Cookbook

Recipe 3: Verify license of an image you already have

Someone sent you a URL. You need to know if you can ship it. This is that workflow.

You didn't fetch this image through webfetch. Someone pasted a URL in Slack, or it's in your DAM from years ago, or a partner sent over an asset. Before you ship, you need a defensible license claim.

#One-shot CLI

webfetch license https://upload.wikimedia.org/wikipedia/commons/a/a4/Drake_in_2018.jpg

Output:

License: CC_BY_SA
Confidence: 0.95
Author: The Come Up Show
Attribution: "Drake Portrait" by The Come Up Show (Wikimedia Commons), licensed CC BY-SA 2.0
Source page: https://commons.wikimedia.org/wiki/File:Drake_in_2018.jpg

Add --probe to also download the bytes (verifies the URL actually resolves, caches for later):

webfetch license https://... --probe

#HTTP

curl -sS -X POST http://localhost:7777/license \
  -H "authorization: Bearer $WEBFETCH_TOKEN" \
  -H "content-type: application/json" \
  -d '{"url":"https://upload.wikimedia.org/...","probe":true}' \
  | jq

#How it works

  1. The adapter normalizes the URL (strips tracking params, resolves CDN redirects).
  2. It walks upward to the host-level heuristic (e.g., Wikimedia Commons → try extmetadata API).
  3. If a metadata API exists, it fetches the structured license + author.
  4. If not, it runs heuristicLicenseFromUrl — Unsplash hosts → CC0, Getty hosts → all-rights-reserved, etc.
  5. If the page is HTML (not a direct image), it runs probe_page logic to find the image in context and infer license from surrounding markup.

The confidence score tells you how much to trust the result. Anything ≥ 0.9 is metadata-backed. Anything ≤ 0.4 is a host heuristic alone — treat as "probably fine, verify before shipping".

#Probe a whole page

If you have a URL that's a webpage (not a direct image), use probe to get every image on the page with a per-image license:

webfetch probe https://blog.example.com/article --json \
  | jq '.images[] | select(.license == "UNKNOWN") | .url'

That prints every image on the page whose license couldn't be resolved — these are the ones to chase down before republishing.
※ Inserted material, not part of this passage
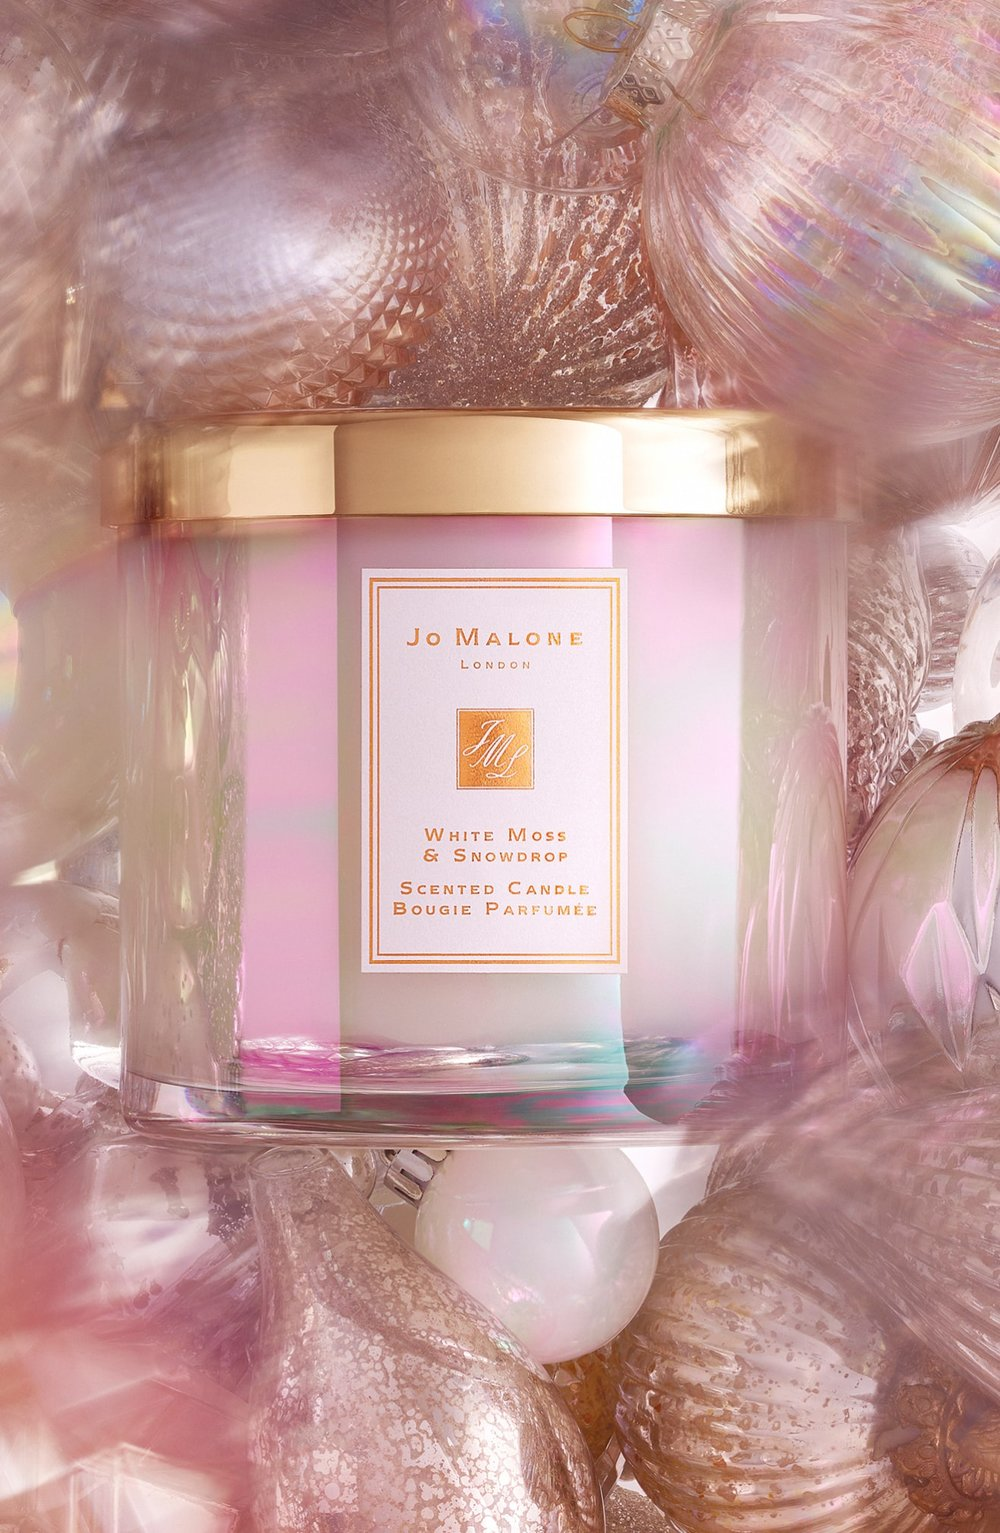 White Moss & Snowdrop Deluxe Candle van Jo Malone (€ 158,00/600 g).    O.a. verkrijgbaar bij Senteurs d'Ailleurs in Brussel en op de luchthaven van Zaventem.

#Automating a "safe to ship" check

import { fetchWithLicense } from "@webfetch/core";

export async function isSafeToShip(url: string): Promise<{ ok: boolean; reason: string; attribution?: string }> {
  const r = await fetchWithLicense(url, { probe: false });
  if (r.license === "UNKNOWN") return { ok: false, reason: "no license evidence" };
  if (r.confidence < 0.7) return { ok: false, reason: `low confidence (${r.confidence})` };
  if (["CC0", "PUBLIC_DOMAIN", "CC_BY", "CC_BY_SA"].includes(r.license)) {
    return { ok: true, reason: `${r.license} @ ${r.confidence}`, attribution: r.attributionLine };
  }
  return { ok: false, reason: `non-commercial tag: ${r.license}` };
}

Wire that into your DAM's upload pipeline. Reject uploads where ok: false; require human review for mid-confidence hits.